• _What the task asks_:
Pictures aside, every line of the listing should be given again exactly.

• _Data_:
- Opening Delimiter -

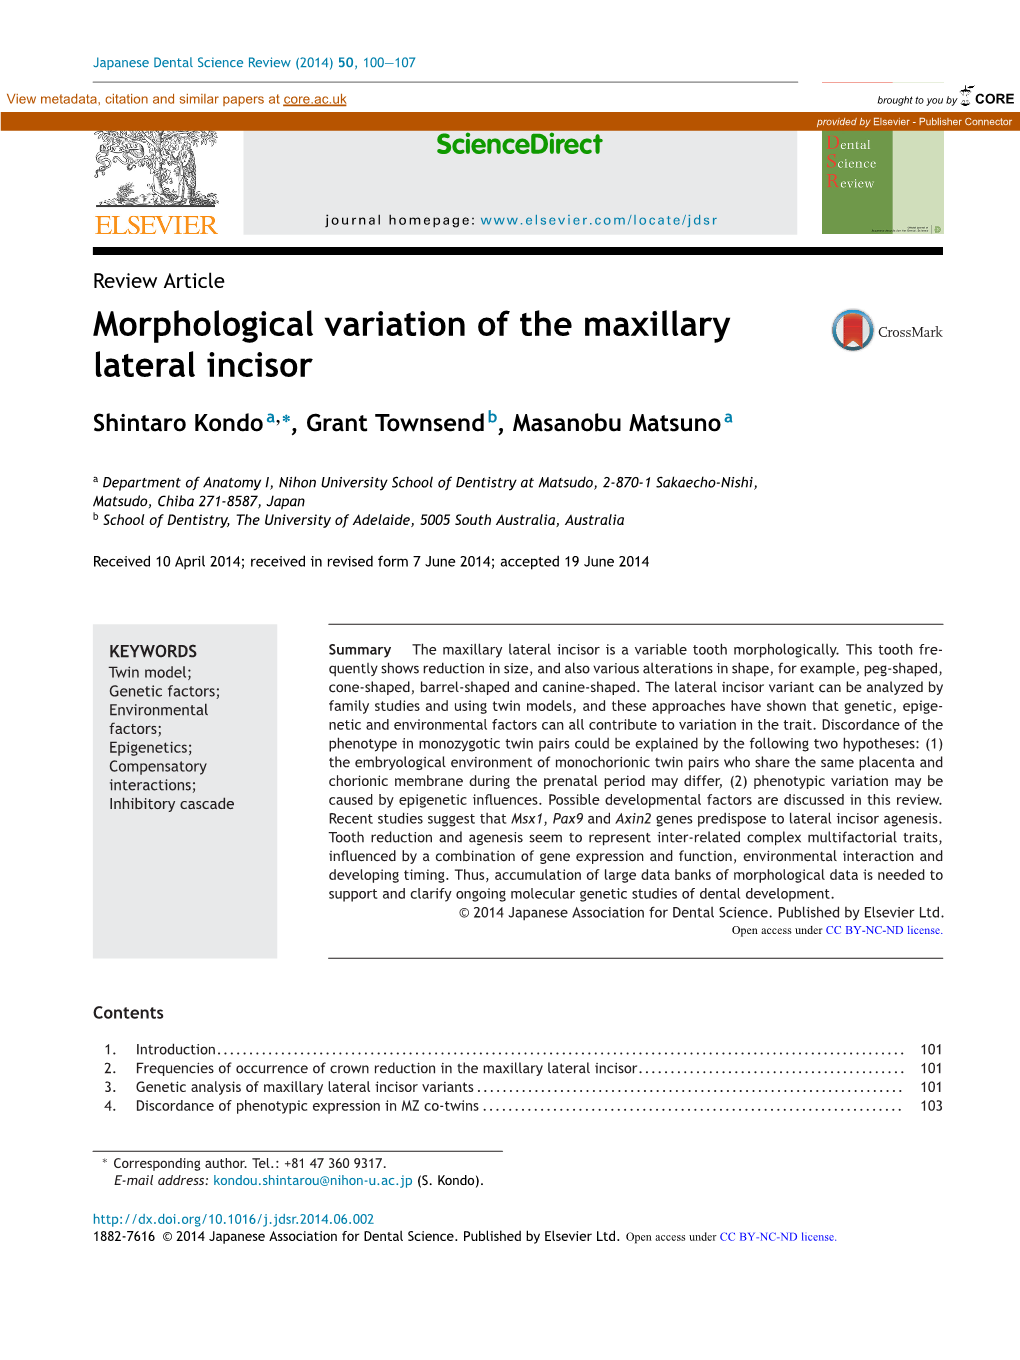 Morphological Variation of the Maxillary Lateral Incisor
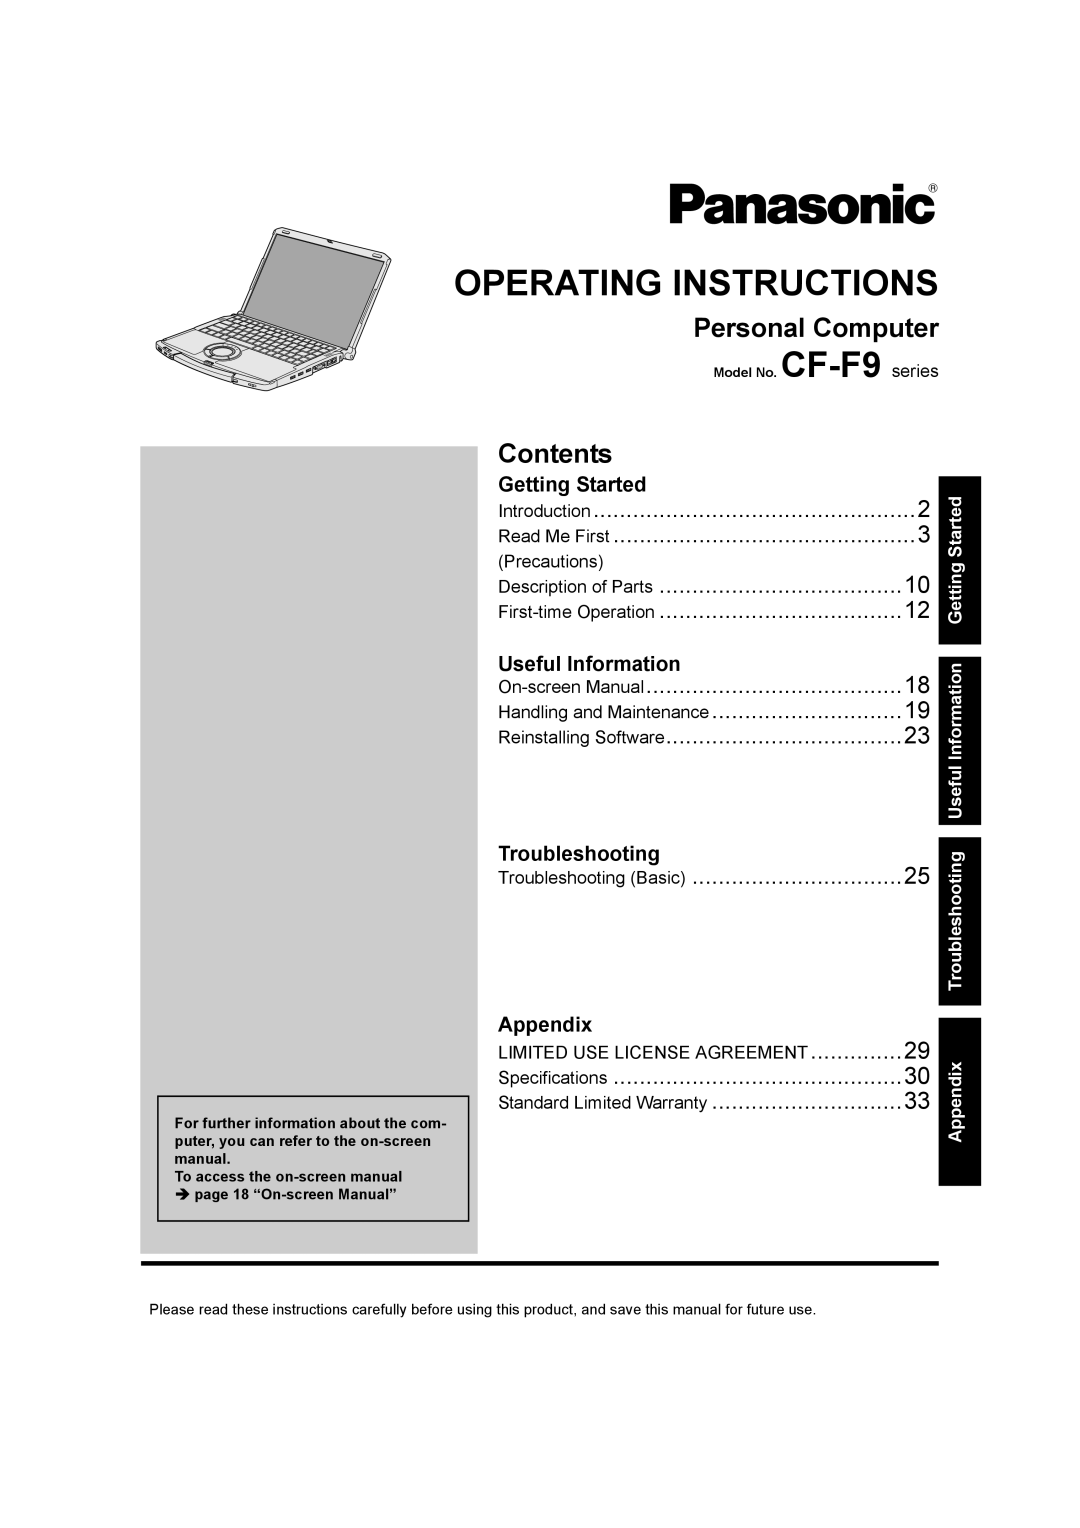 Panasonic CF-F9 appendix Operating Instructions, Personal Computer, Contents, Getting Started, Read Me First, Appendix 
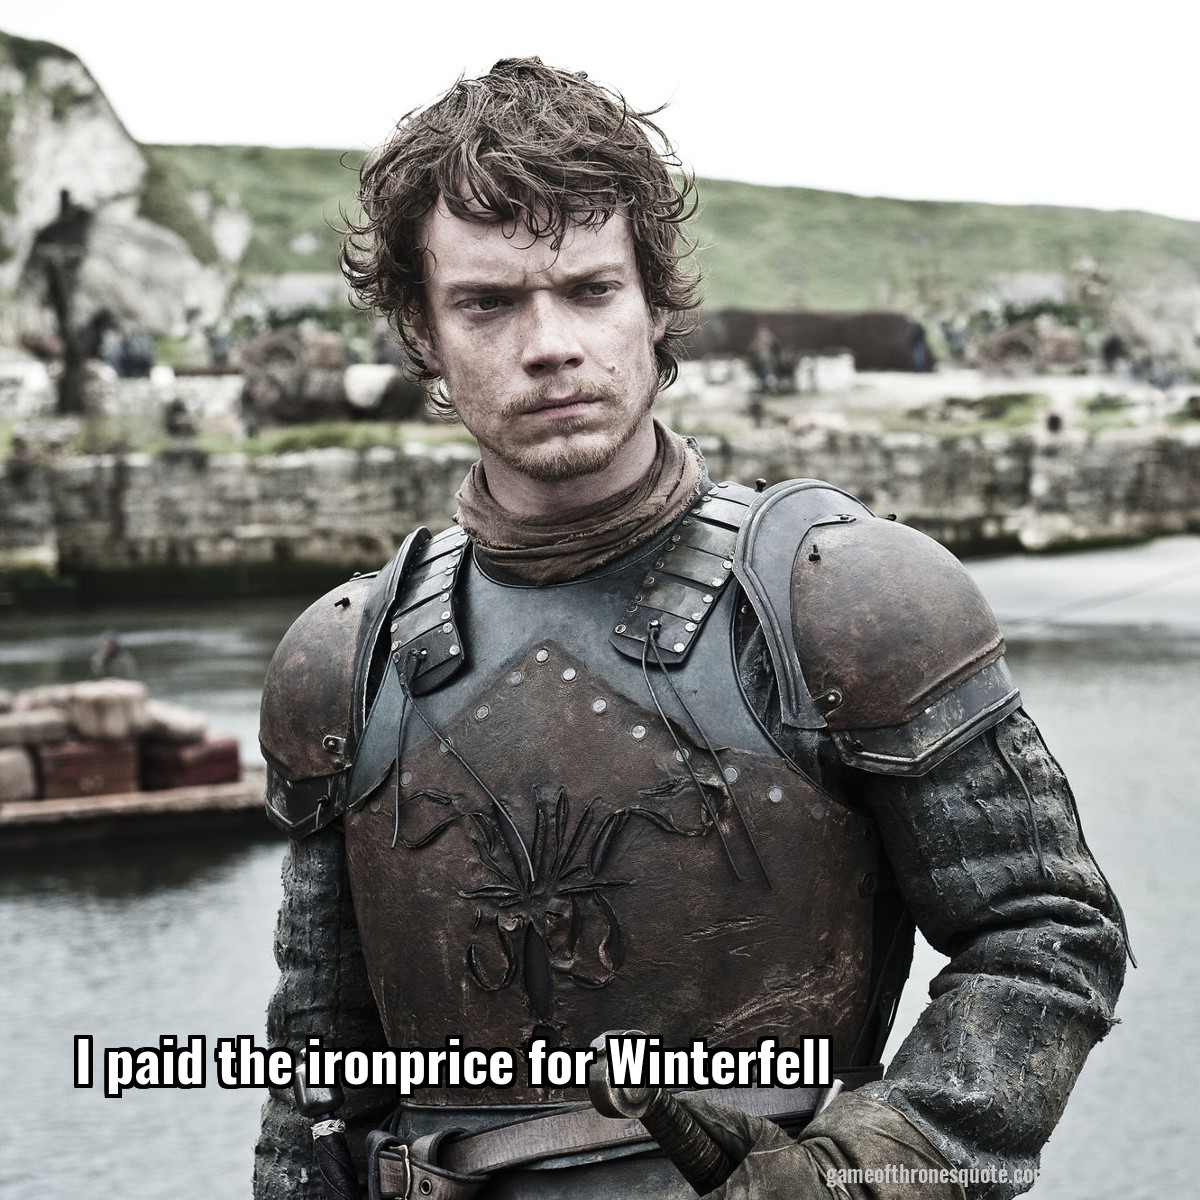 I paid the ironprice for Winterfell
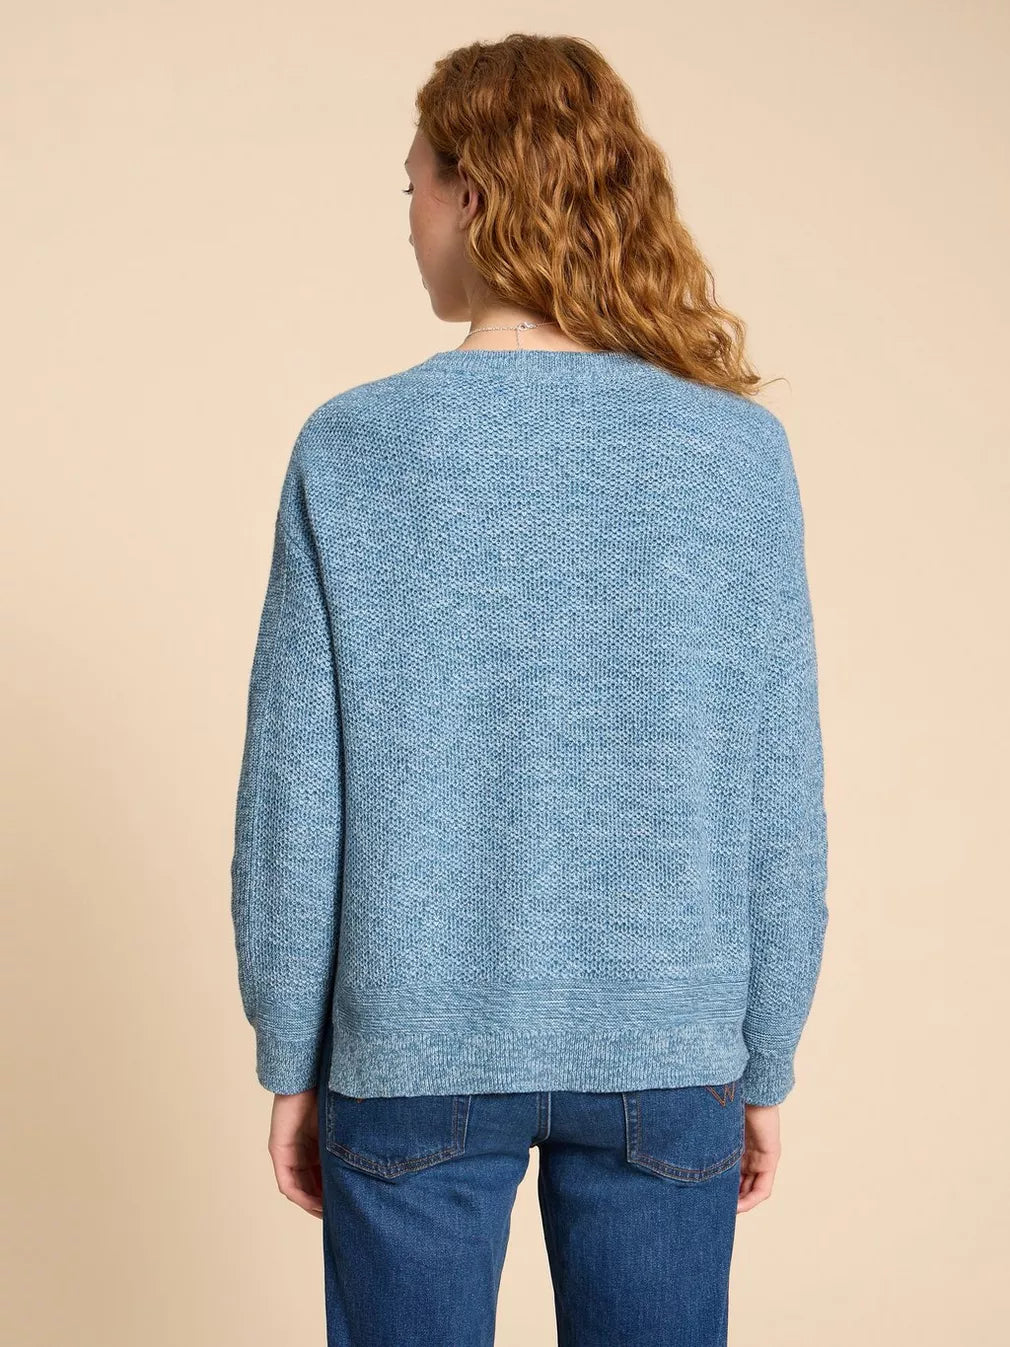 White Stuff Northbank Jumper - Mid Blue Clothing - Tops - Sweaters - Pullovers - Heavy Knit Pullovers by White Stuff | Grace the Boutique
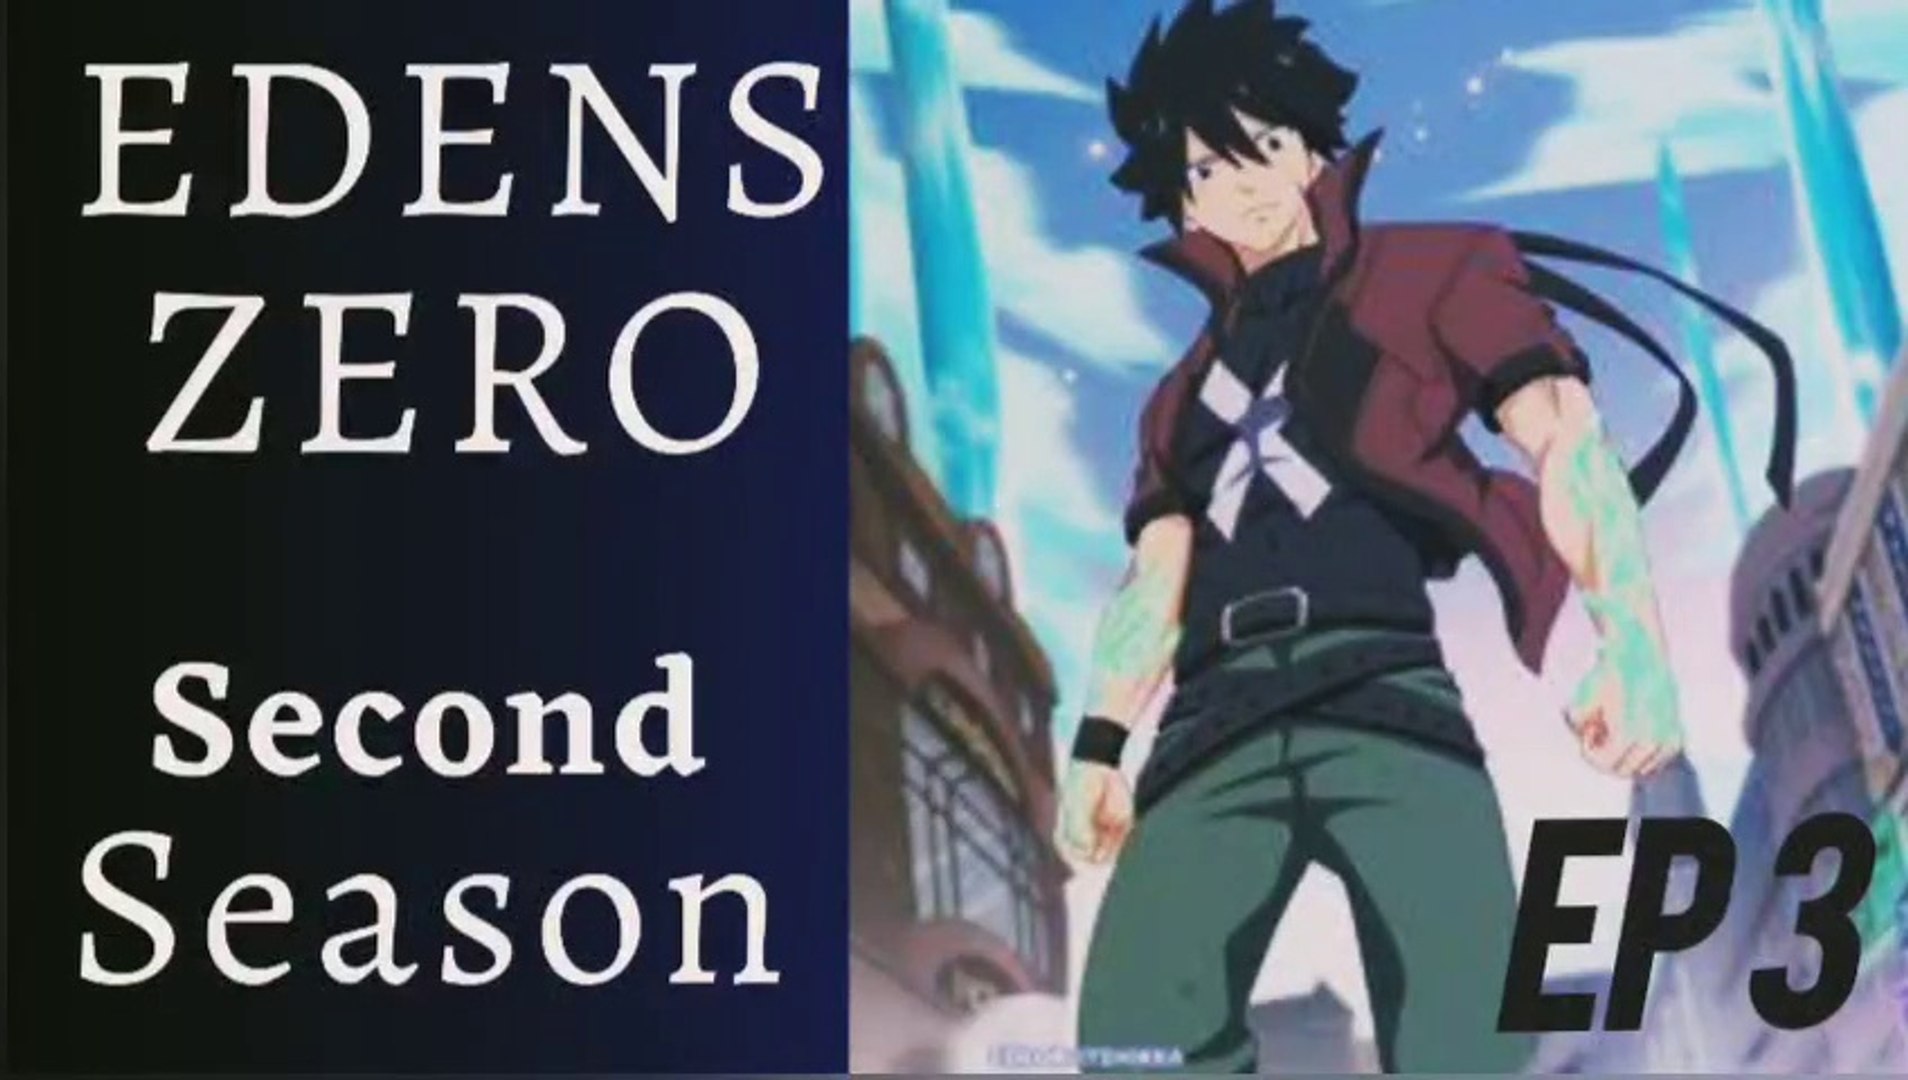 Characters appearing in Edens Zero 2nd Season Anime

- Closing Delimiter -

• _Answer for this exercise_:
 Morphological Variation of the Maxillary Lateral Incisor
 Panasonic CF-F9 appendix Operating Instructions, Personal Computer, Contents, Getting Started, Read Me First, Appendix 
 I paid the ironprice for Winterfell
 White Stuff Northbank Jumper - Mid Blue Clothing - Tops - Sweaters - Pullovers - Heavy Knit Pullovers by White Stuff | Grace the Boutique
 Characters appearing in Edens Zero 2nd Season Anime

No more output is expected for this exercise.